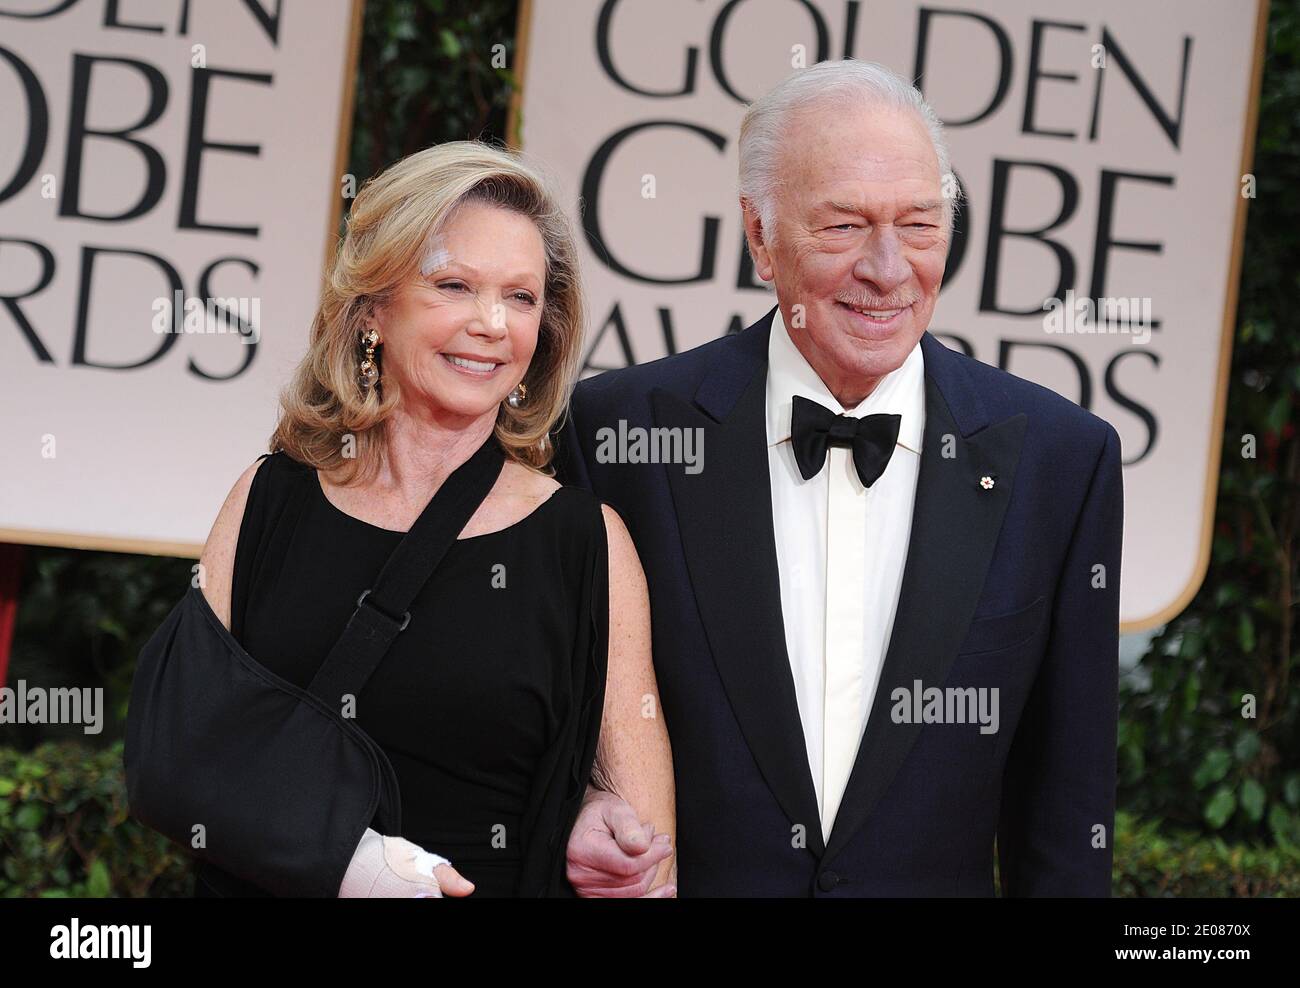 Christopher Plummer and Elaine Taylor arriving for the 69th Annual Golden Globe Awards Ceremony, held at the Beverly Hilton Hotel in Los Angeles, CA, USA on January 15, 2012. Photo by Lionel Hahn/ABACAPRESS.COM Stock Photo
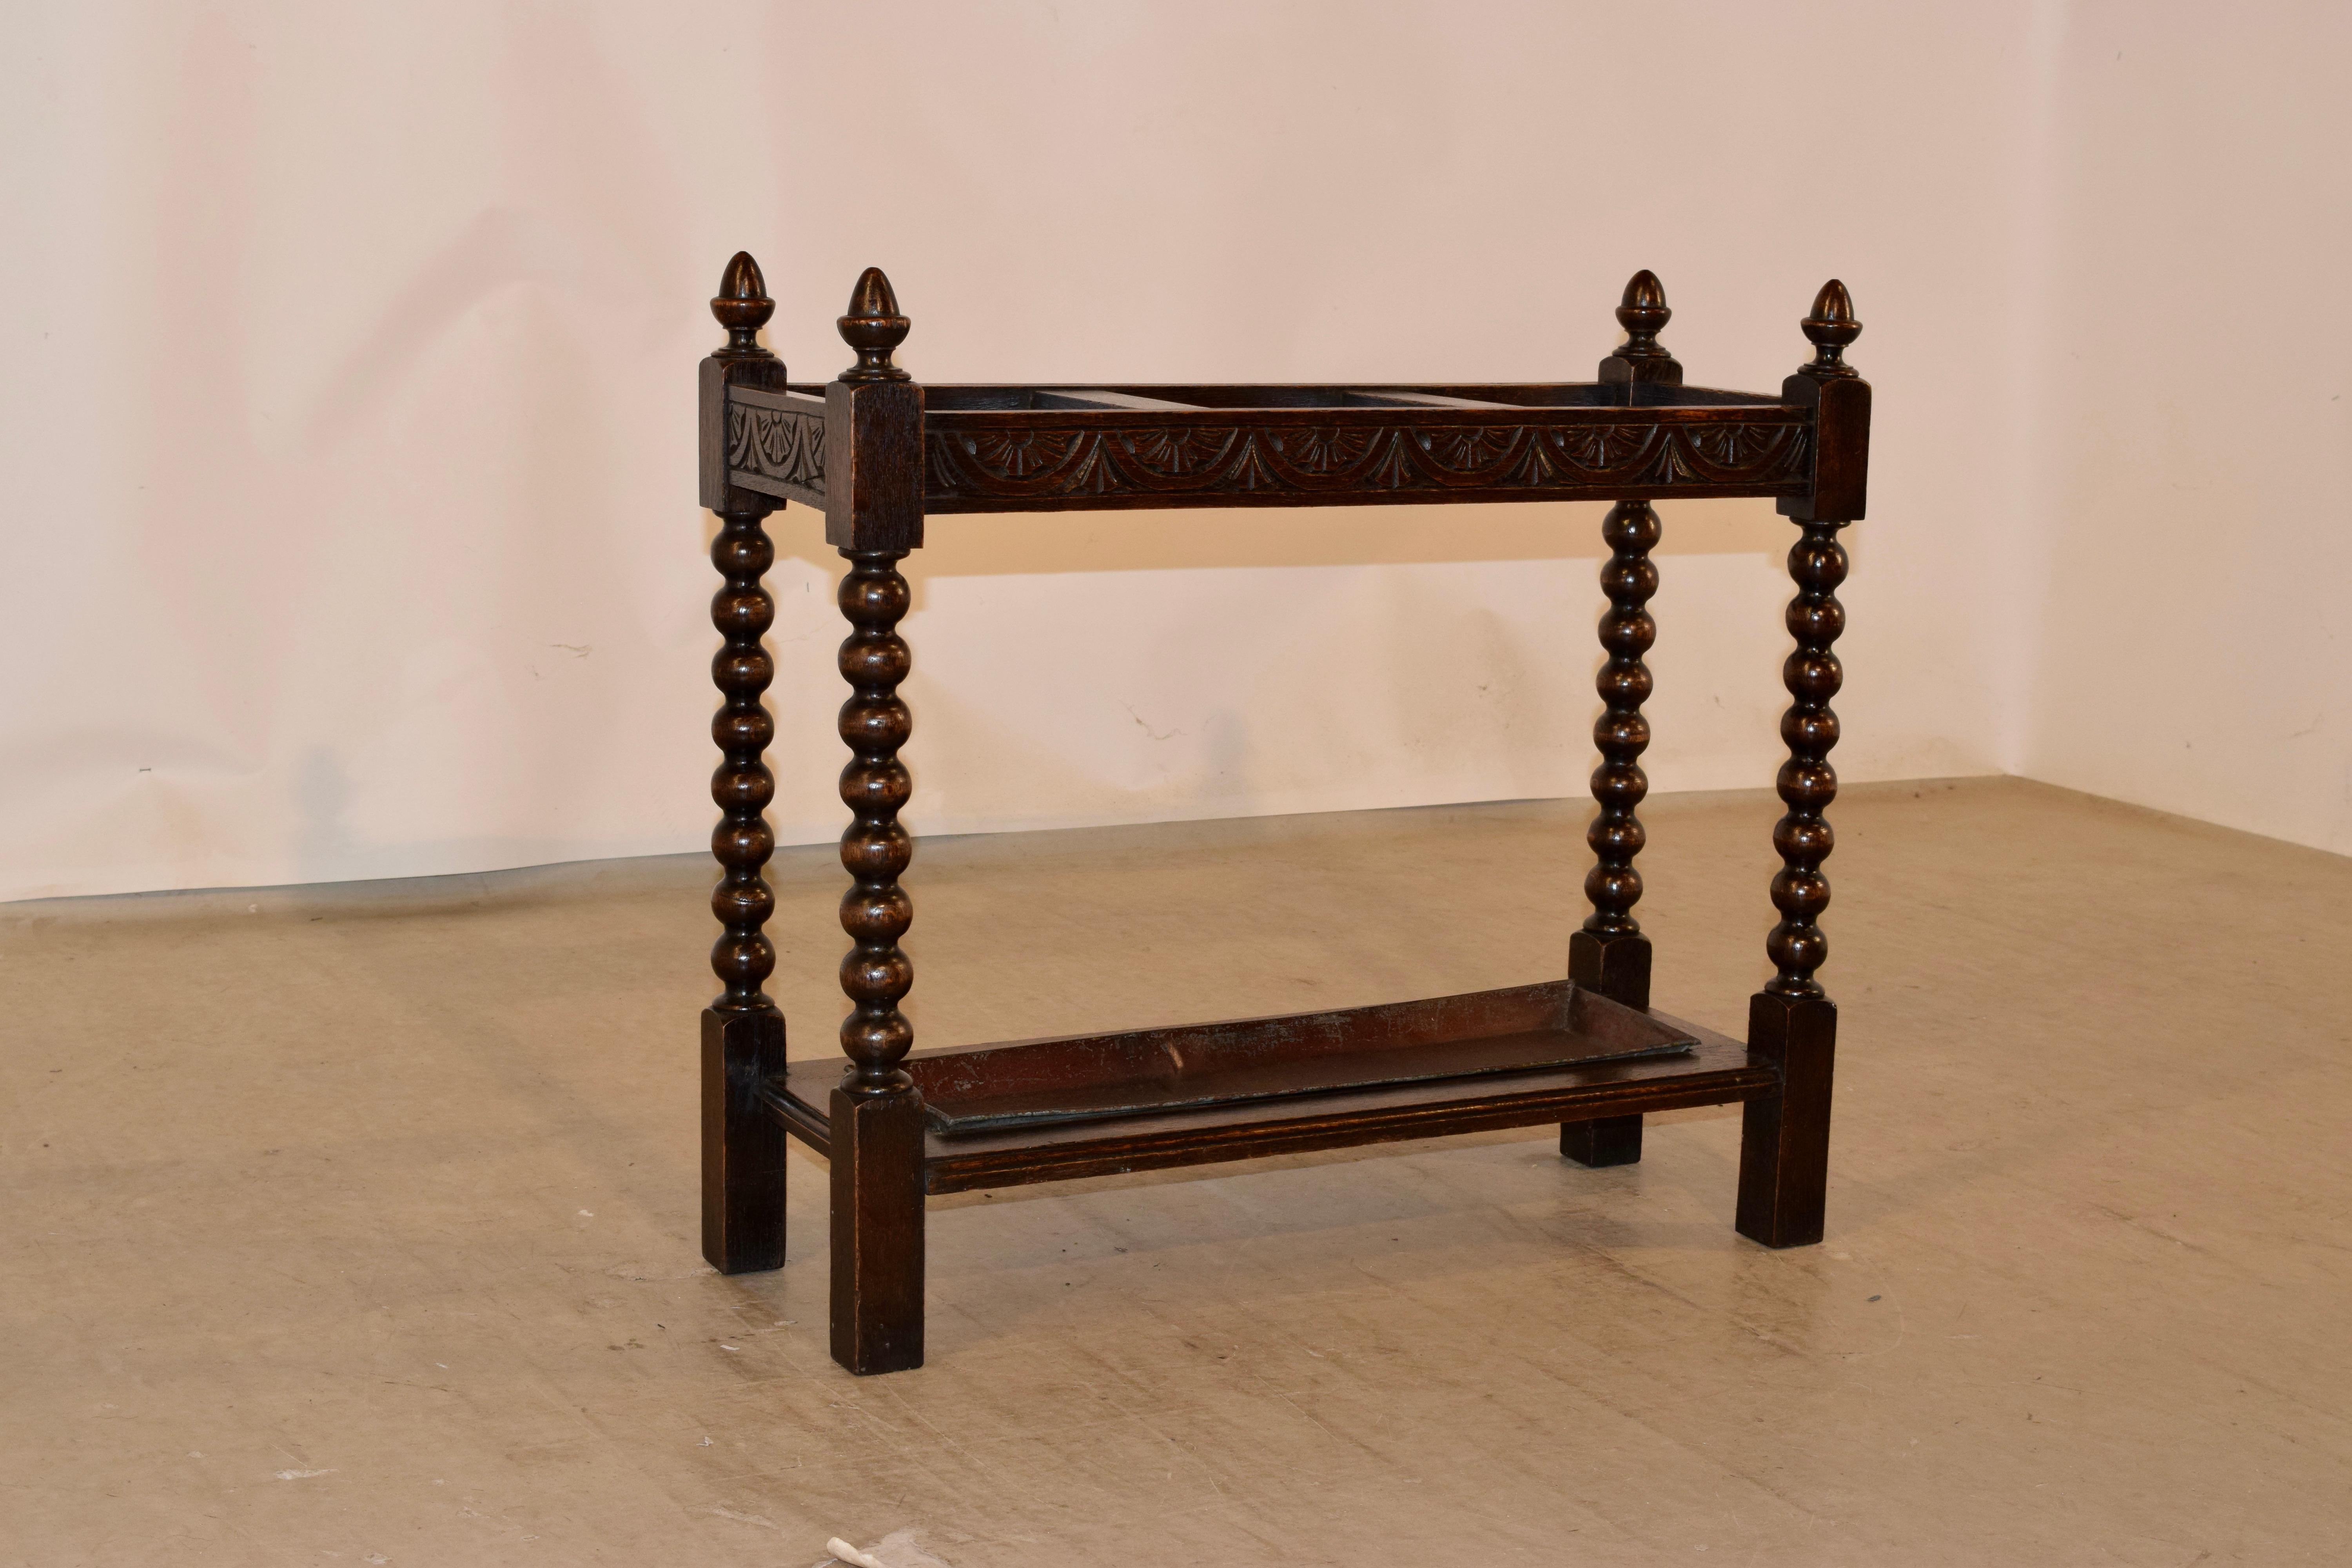 19th century oak umbrella stand from England. There are four hand turned finials over a top rail, which is hand carved with lunette design, supported on hand turned bobbin legs, which are connected by simple stretchers with molded edges, that
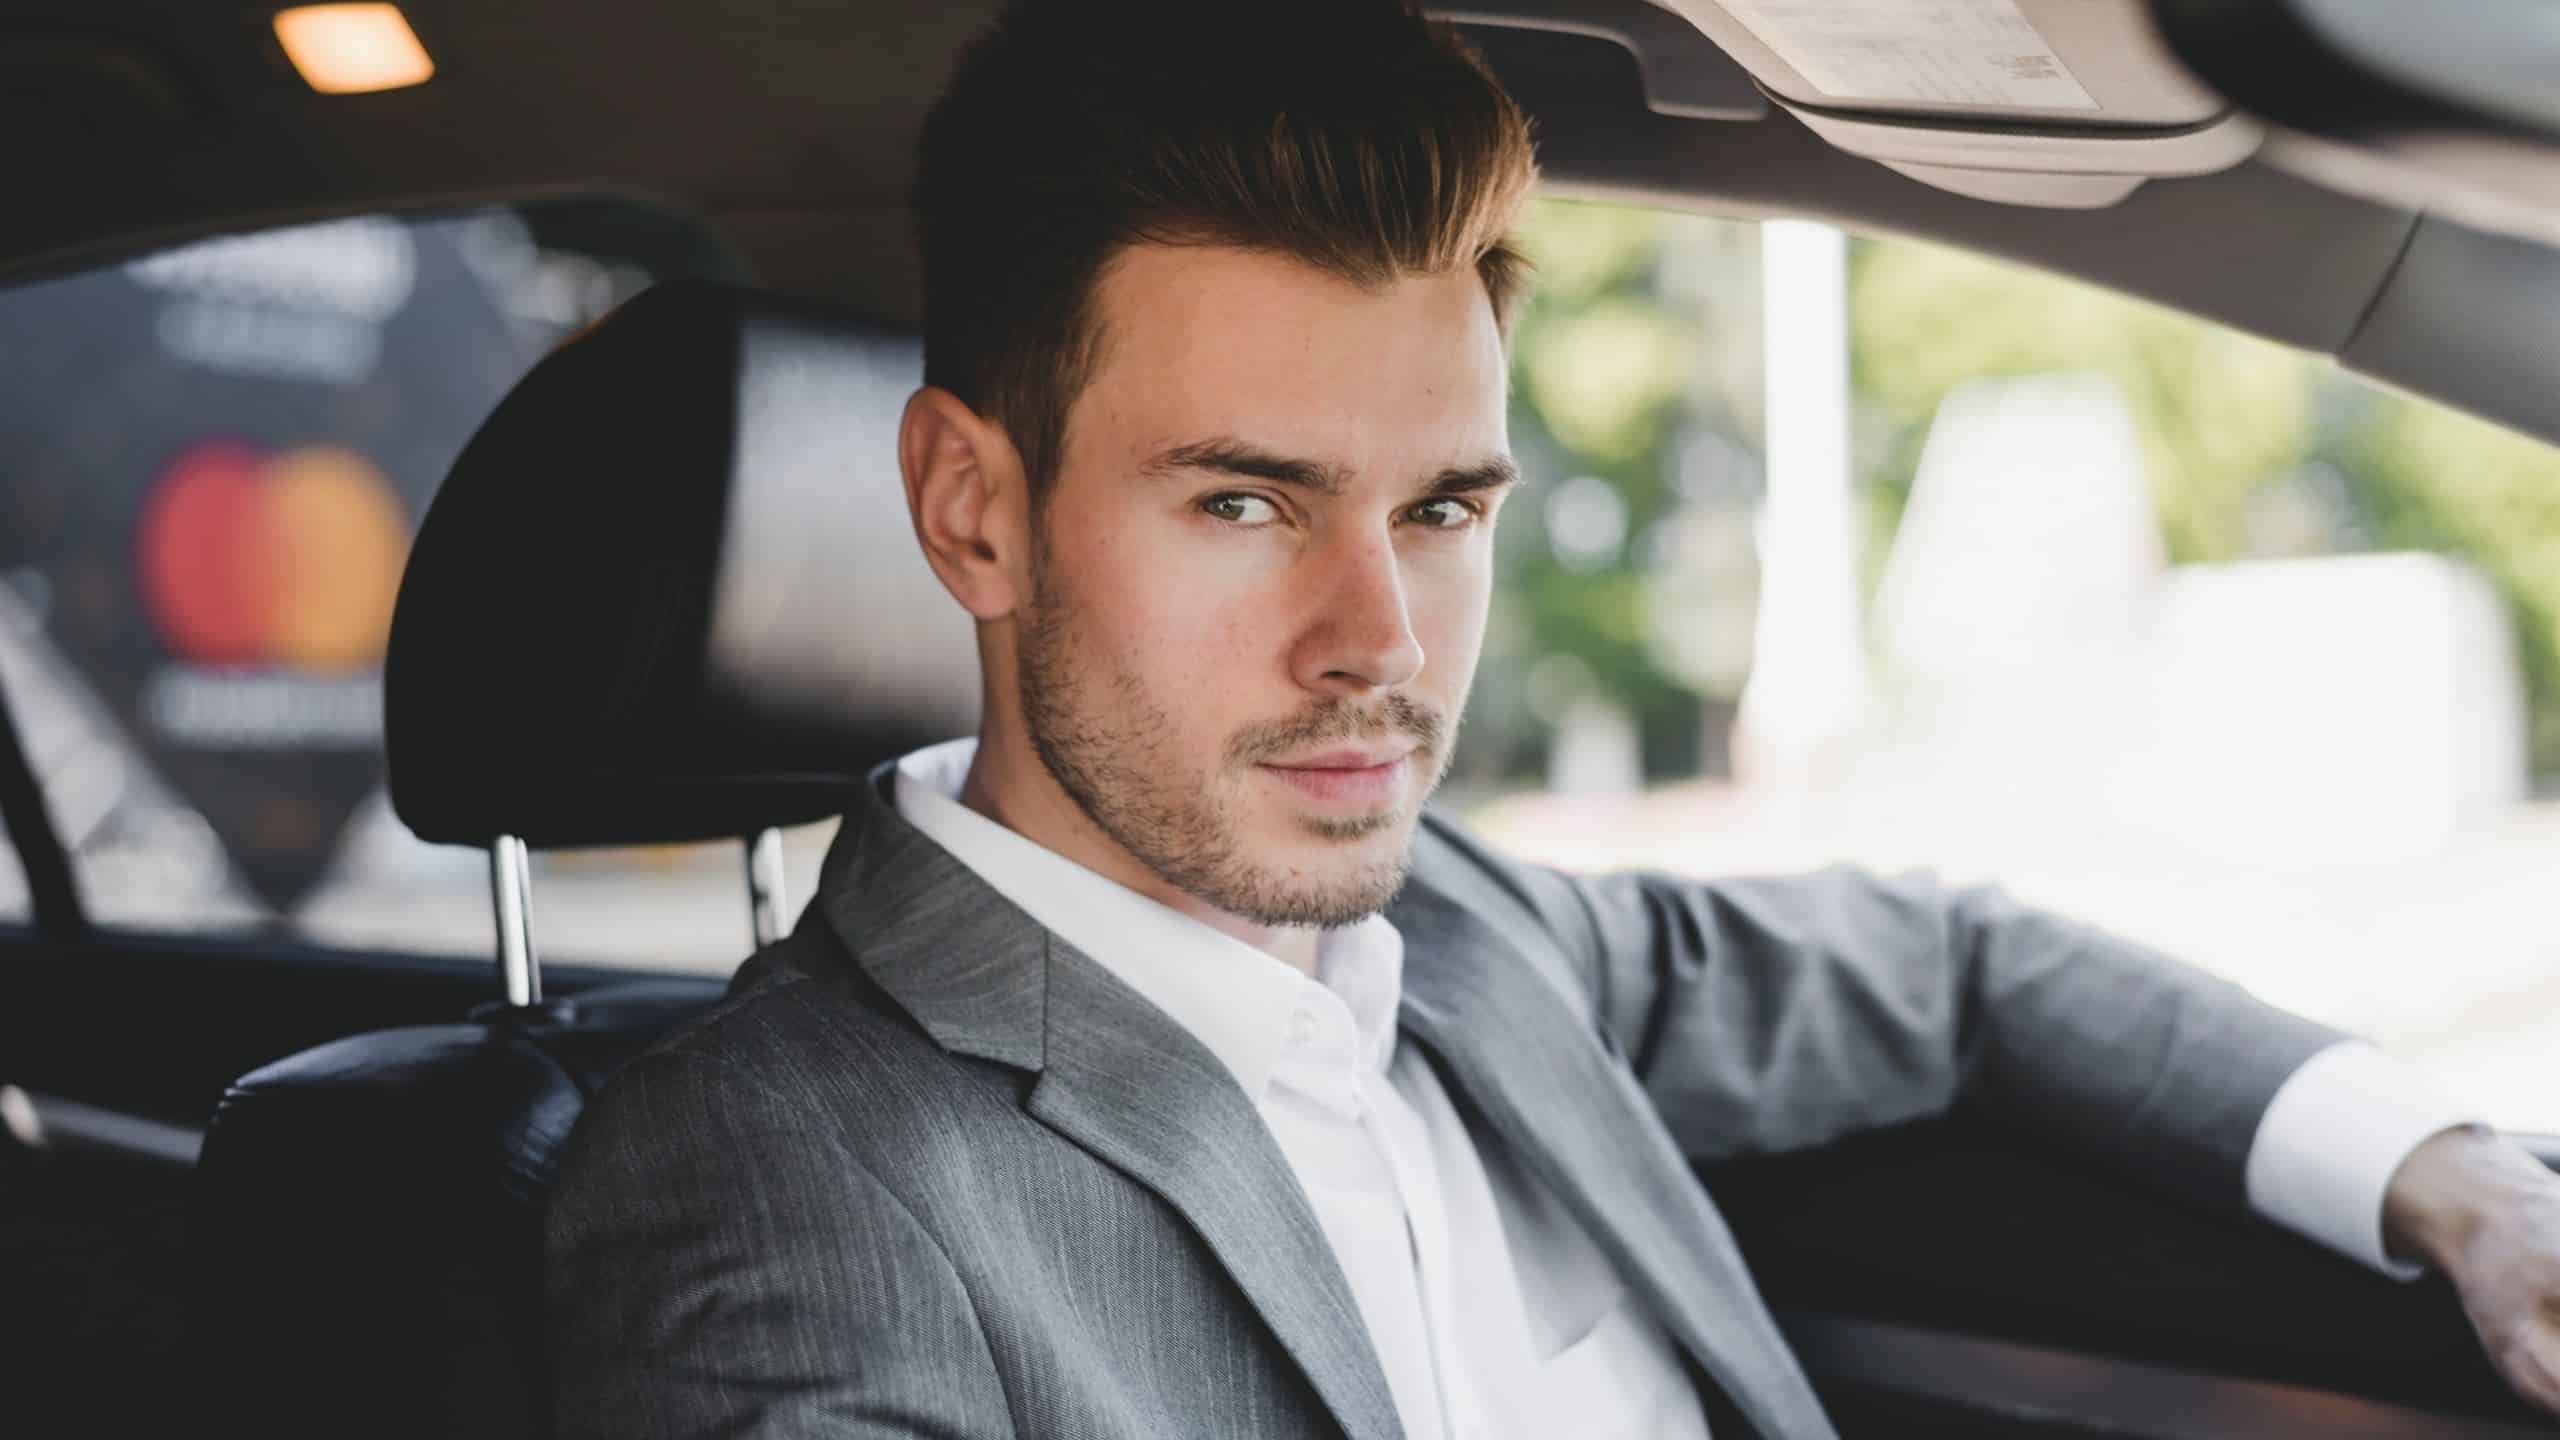 An attractive man wearing a sleek suit sitting in a car.

+--

- _Work item_
Each line from the one containing "19th century oak" to the final line of the data must be printed exactly, both included, with nothing else and no pictures.

- _Answer for the task_
 19th century oak umbrella stand from England. There are four hand turned finials over a top rail, which is hand carved with lunette design, supported on hand turned bobbin legs, which are connected by simple stretchers with molded edges, that
 An attractive man wearing a sleek suit sitting in a car.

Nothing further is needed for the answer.